### [Task brief]
Everything below from the line with "Người dùng đang" through the line with "Piccolo cactus verde" must be retyped exactly, except the pictures.

### [Records supplied]
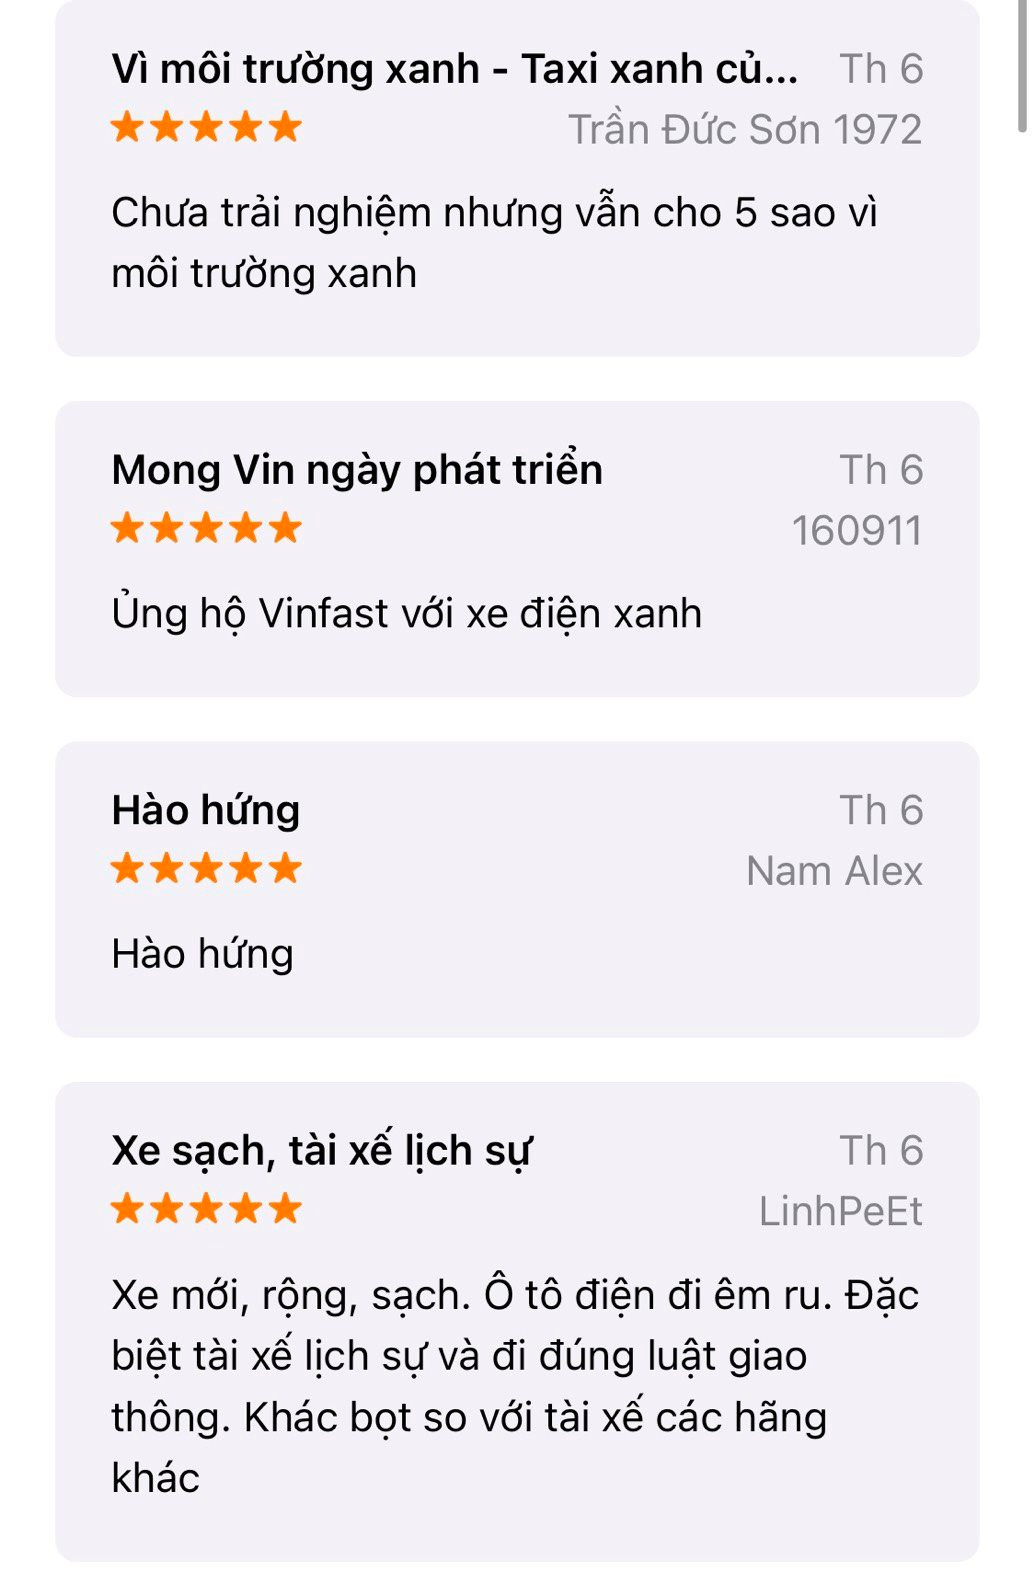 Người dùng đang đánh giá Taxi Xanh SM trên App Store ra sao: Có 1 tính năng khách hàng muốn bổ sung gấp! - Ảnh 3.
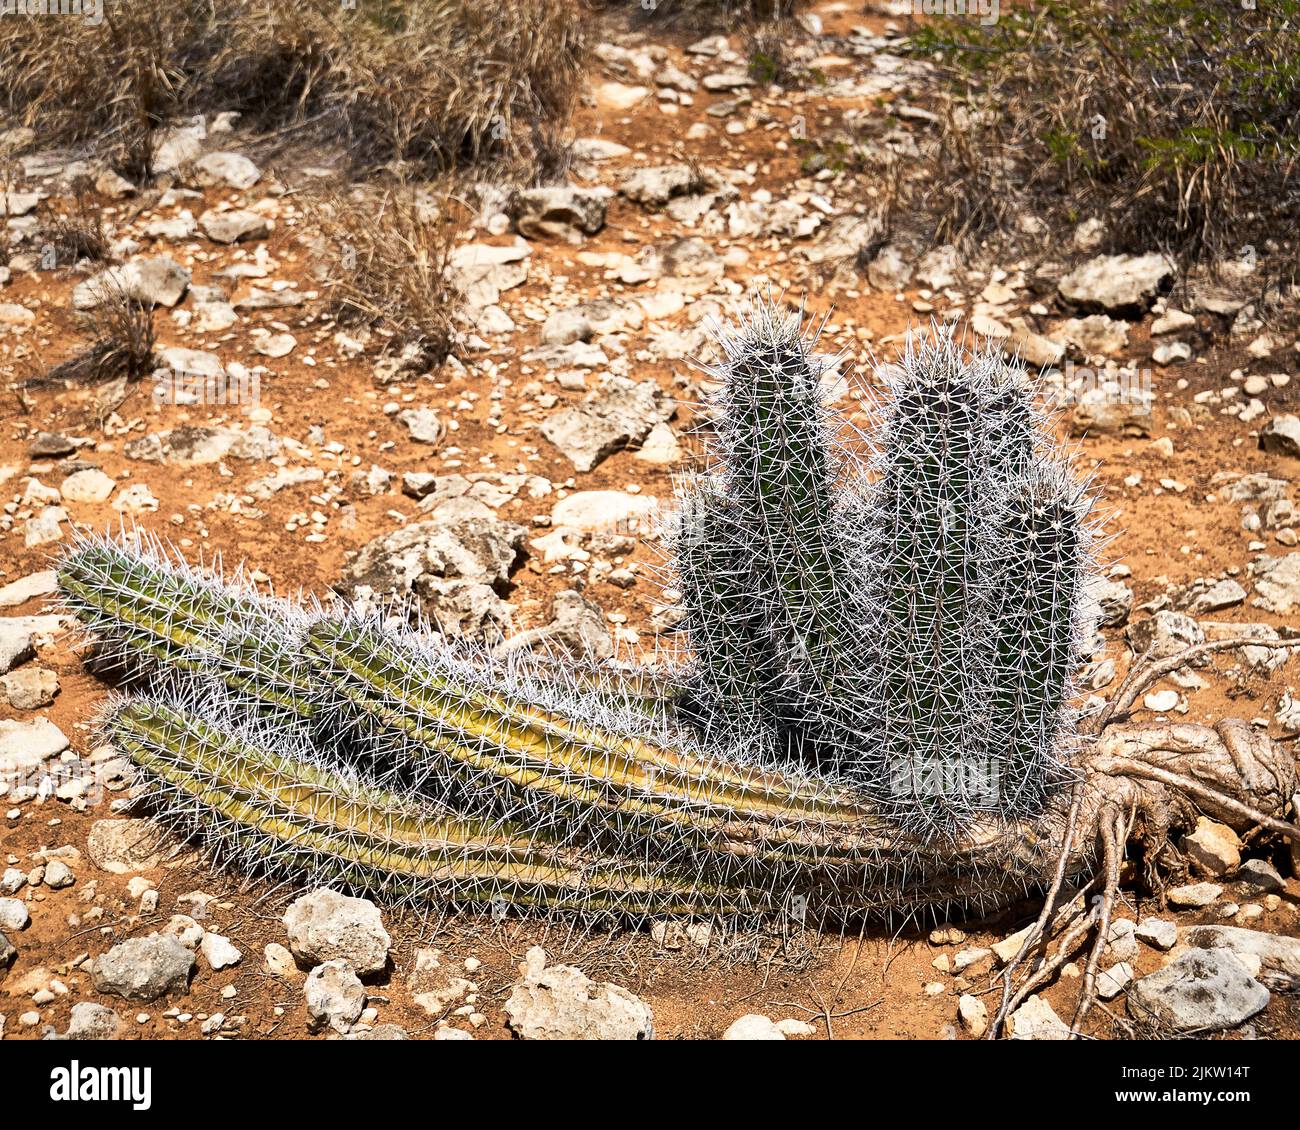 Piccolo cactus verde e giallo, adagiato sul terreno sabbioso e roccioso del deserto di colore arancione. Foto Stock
...
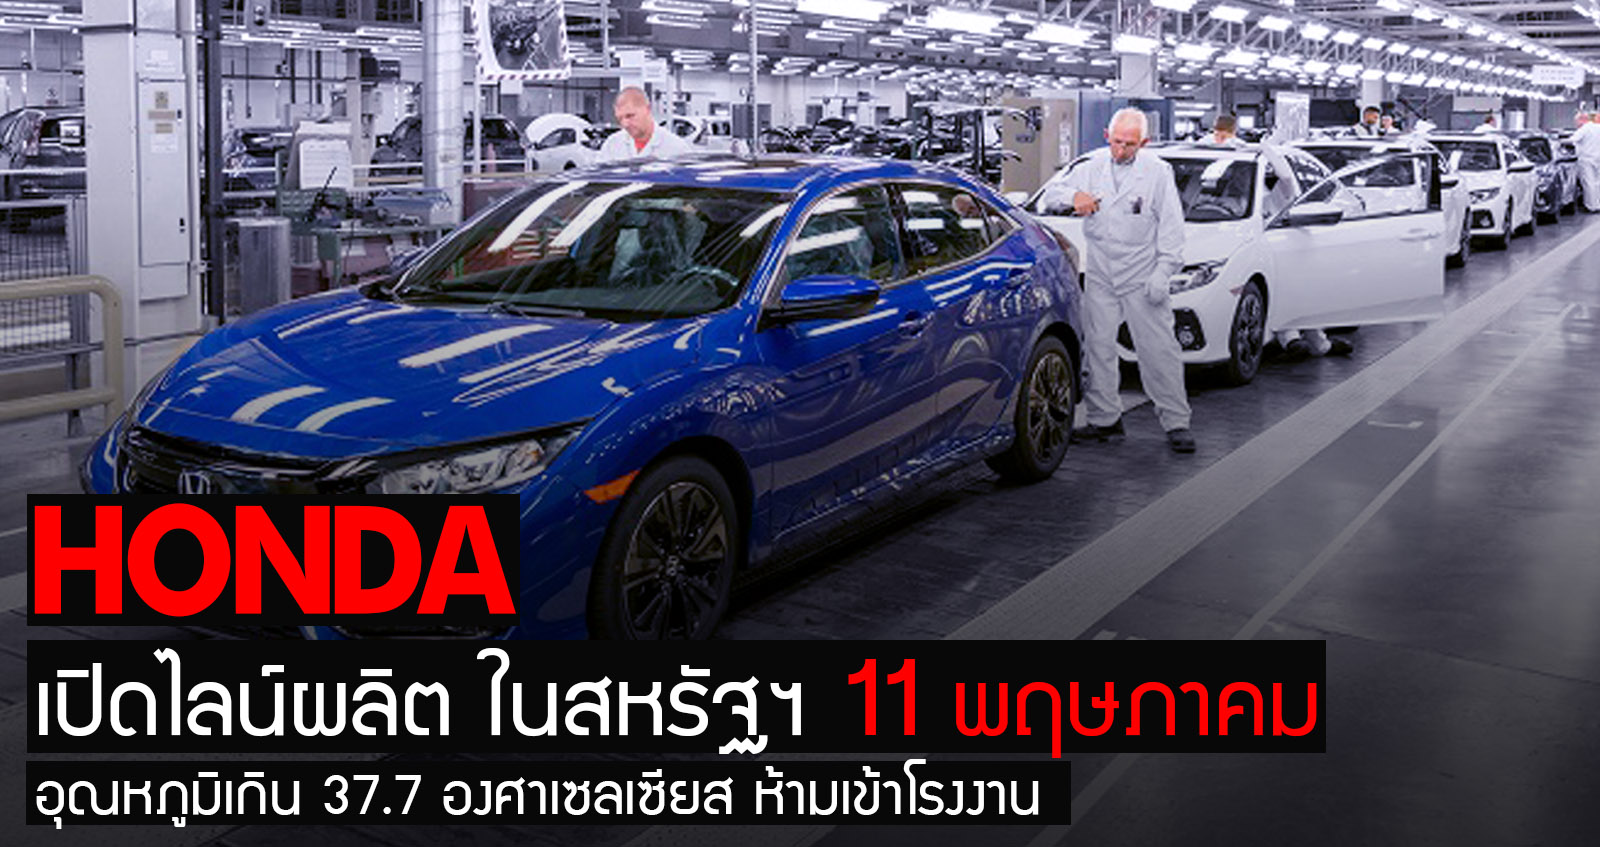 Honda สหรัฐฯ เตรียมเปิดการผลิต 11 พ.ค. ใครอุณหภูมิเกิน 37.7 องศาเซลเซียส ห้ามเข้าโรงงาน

### [Problem solution]
 Người dùng đang đánh giá Taxi Xanh SM trên App Store ra sao: Có 1 tính năng khách hàng muốn bổ sung gấp! - Ảnh 3.
 Piccolo cactus verde e giallo, adagiato sul terreno sabbioso e roccioso del deserto di colore arancione. Foto Stock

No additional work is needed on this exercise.